30 Nov /15

Curfew

In the wake of the Paris terror attacks, the French President has declared a state of emergency and the French interior minister has authorised local authorities to impose curfews if necessary.

In generally, a curfew is an order establishing a specific time after which certain special regulations apply. The term can be equally used for parents’ rules that their children must be home by a certain hour along with a region- or country-wide order which requires that all civilians or certain groups of unauthorised persons stay indoors and places of public assembly stay closed after a prescribed hour.

Curfew practices exist since long gone times, as one of the most popular works of medieval literature The Seven Sages of Rome, adapted from the 5th century BC The Book of Sindbad narrates that: “Then was the law in Roman towns, that, when a man or boy is found roaming about after curfew, men should take and bind him fast”.

The word curfew originates from the French phrase “couvre-feu,” which means “cover the fire,” and which was adopted into Middle English as curfeu to later became the modern curfew.

The curfew practice in England started around the 5th century, when it was a signal for everybody, except the nobility who were exempt from the regulations, that it was time to go to bed. Curfew bells used to ring across the United Kingdom to tell the citizens that it was time to cease their working day and it became a custom those who stay outdoors after the prescribed hour to carry a light and have a really good excuse.

The first time a curfew regime was imposed in England with the aim to cut fire risks was back in 872 when the British King Alfred the Great introduced a curfew in the city of Oxford.

But the “father of the curfew law” is the first King of England, William the Conqueror, who in 1068 introduced a law according to which all lights and fires should be covered at eight o’clock, announced by the local curfew bell.
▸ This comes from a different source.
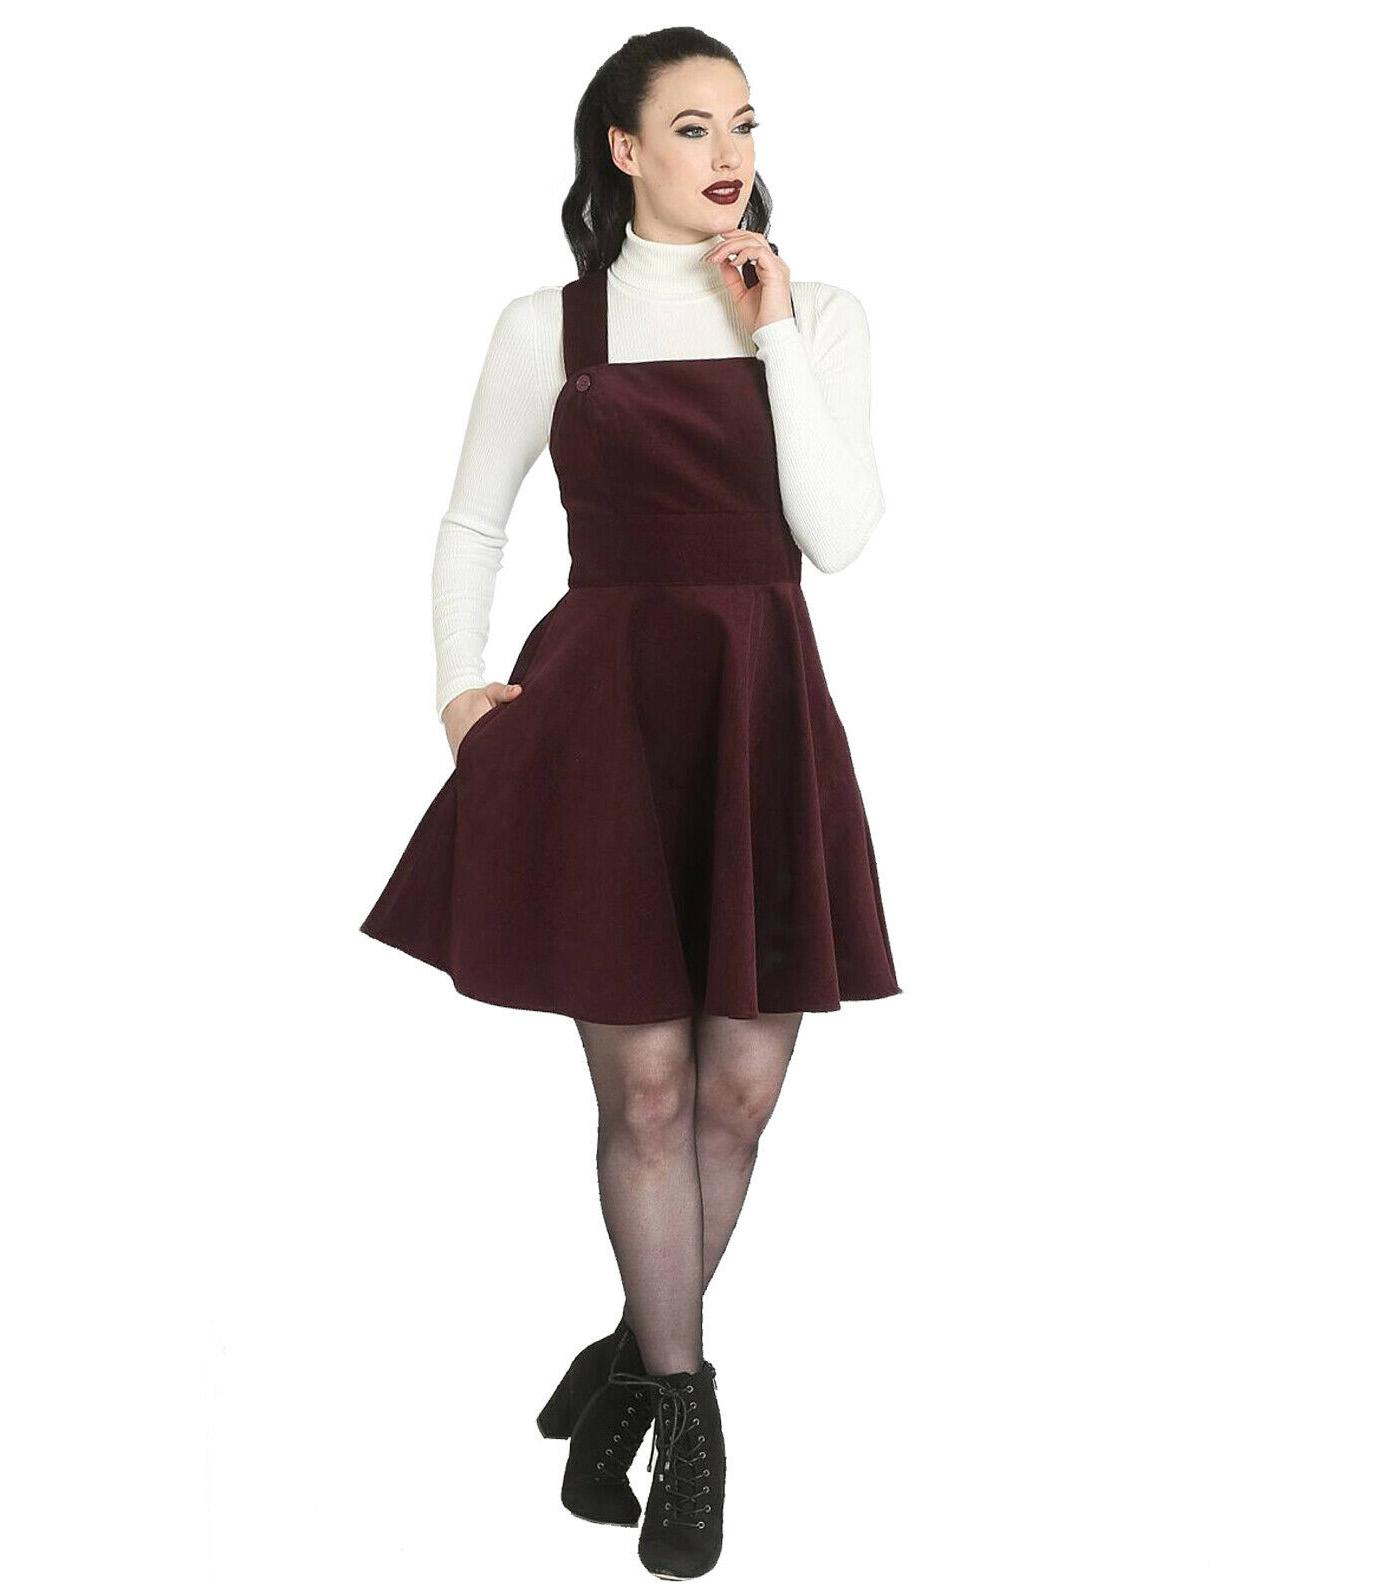 Hell-Bunny-Rockabilly-Corduroy-Mini-Dress-WONDER-YEARS-Pinafore-Wine-All-Sizes thumbnail 27
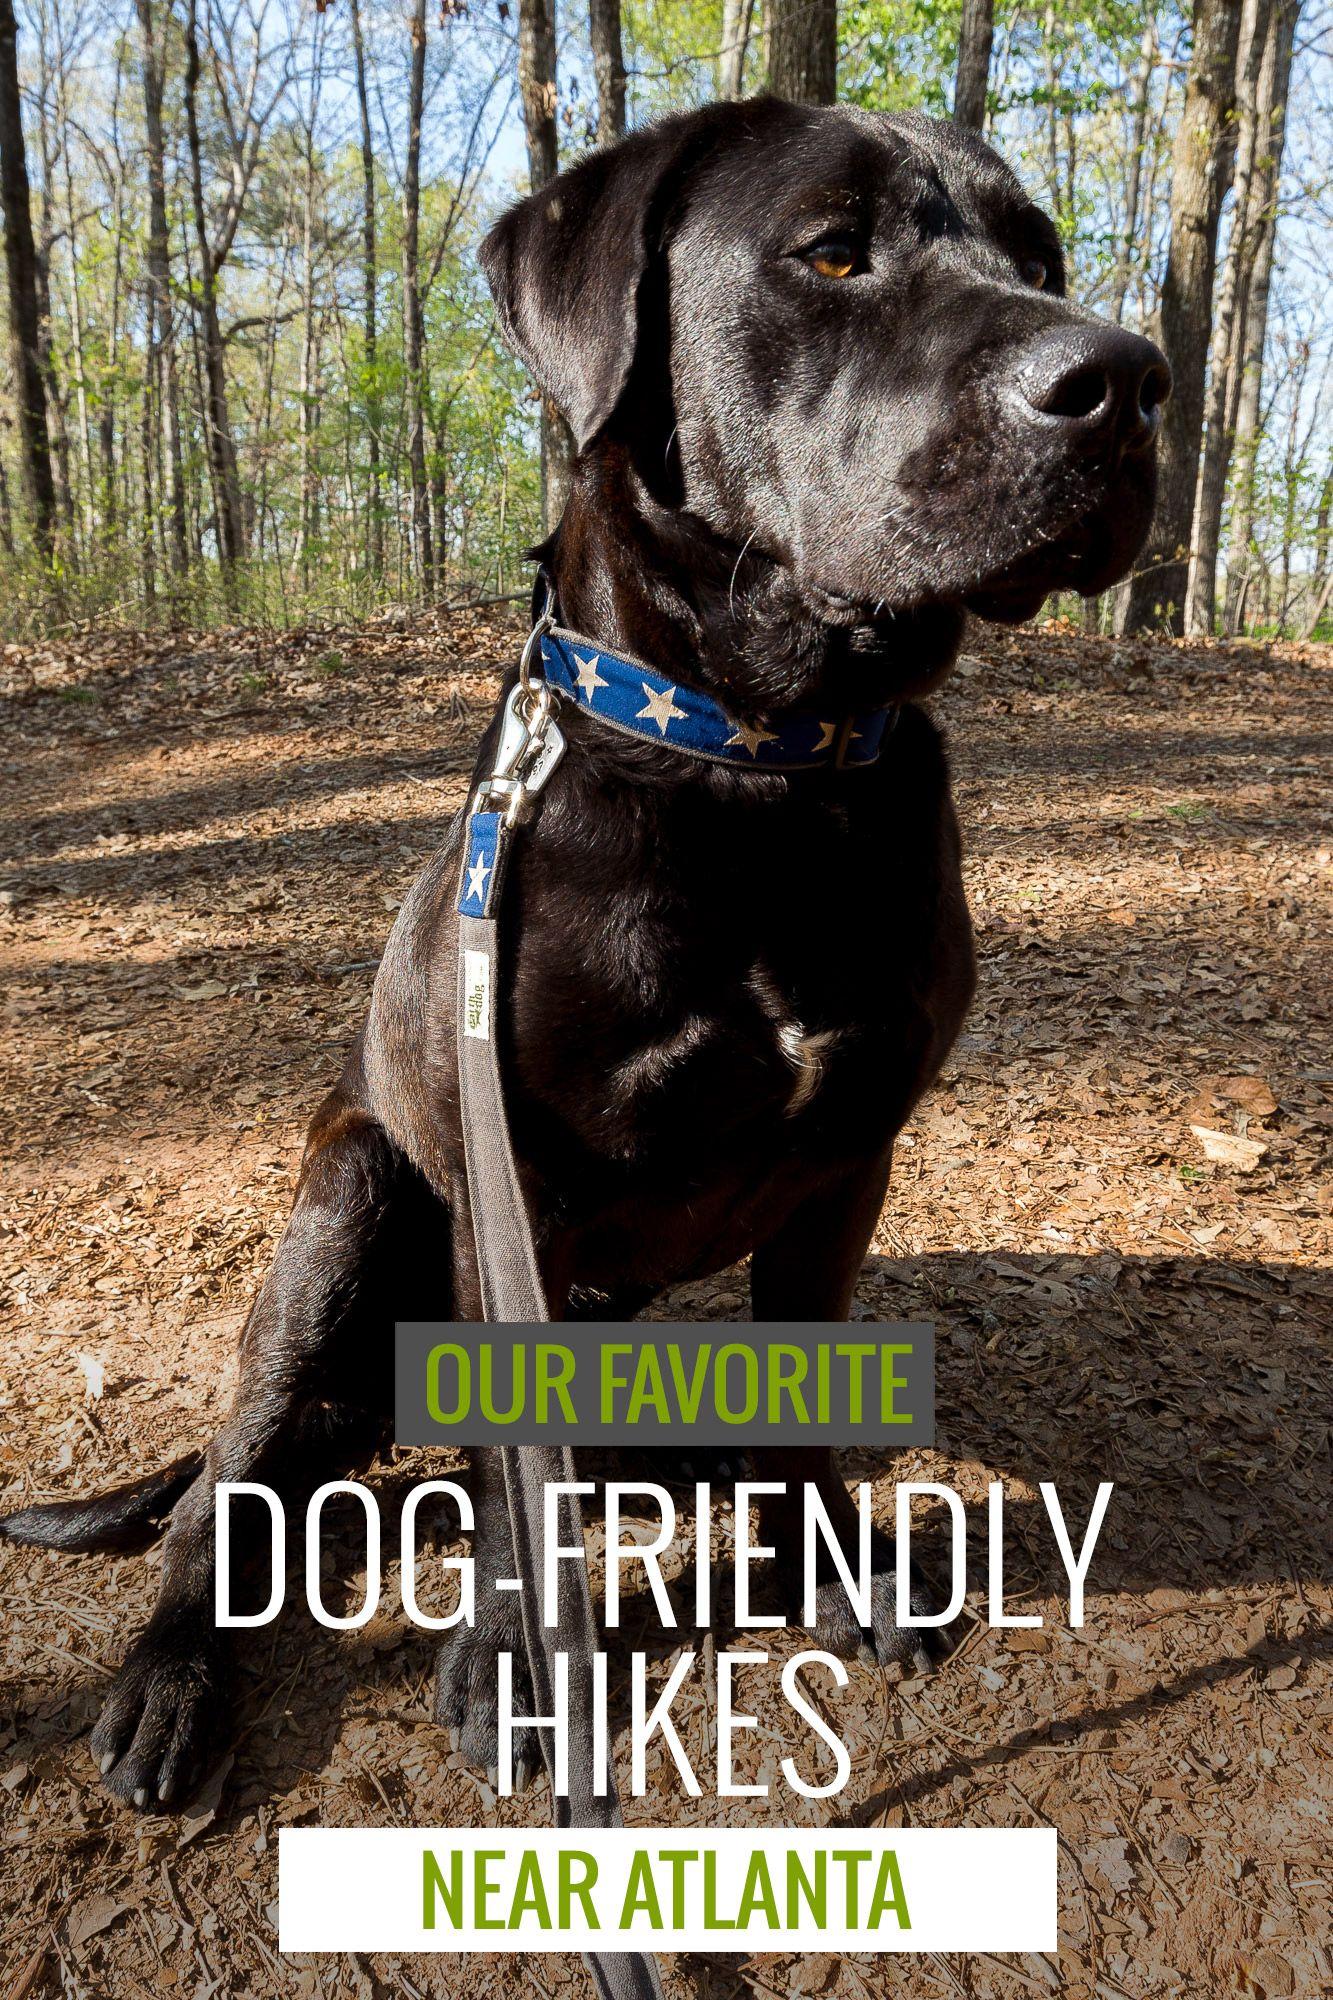 Atlantau0027s best dog-friendly trails our top 10 favorite dog-friendly hikes & Atlantau0027s best dog-friendly trails: our top 10 favorite dog ...

The national curfew aimed at both reducing fire risks and possibilities of revolts.

In the following centuries, the regulations lost its fire-fighting link but became popular among the Jewish administrators in central Europe, slave-owners in the southern United States and coup leaders worldwide.

The first time our word appeared in print in Anglo-Norman, was back in 1258 Statutes of London: “After Curfew person on Saint Martin the great”.

The curfew bell, in its meaning of a town bell which rings announce an even hour or call for a special event appears in Shakespeare‘s Romeo and Juliet: “Make haste, make haste..The Curfew bell had rung, it is three o’clock”.

And the phrase curfew-law seems to had firstly appeared in print in only 1897, in James Bryce’s Impressions of South Africa: “Cape Colony has a so-called ‘curfew law’, requiring natives who are out of doors after dark to be provided with a pass”.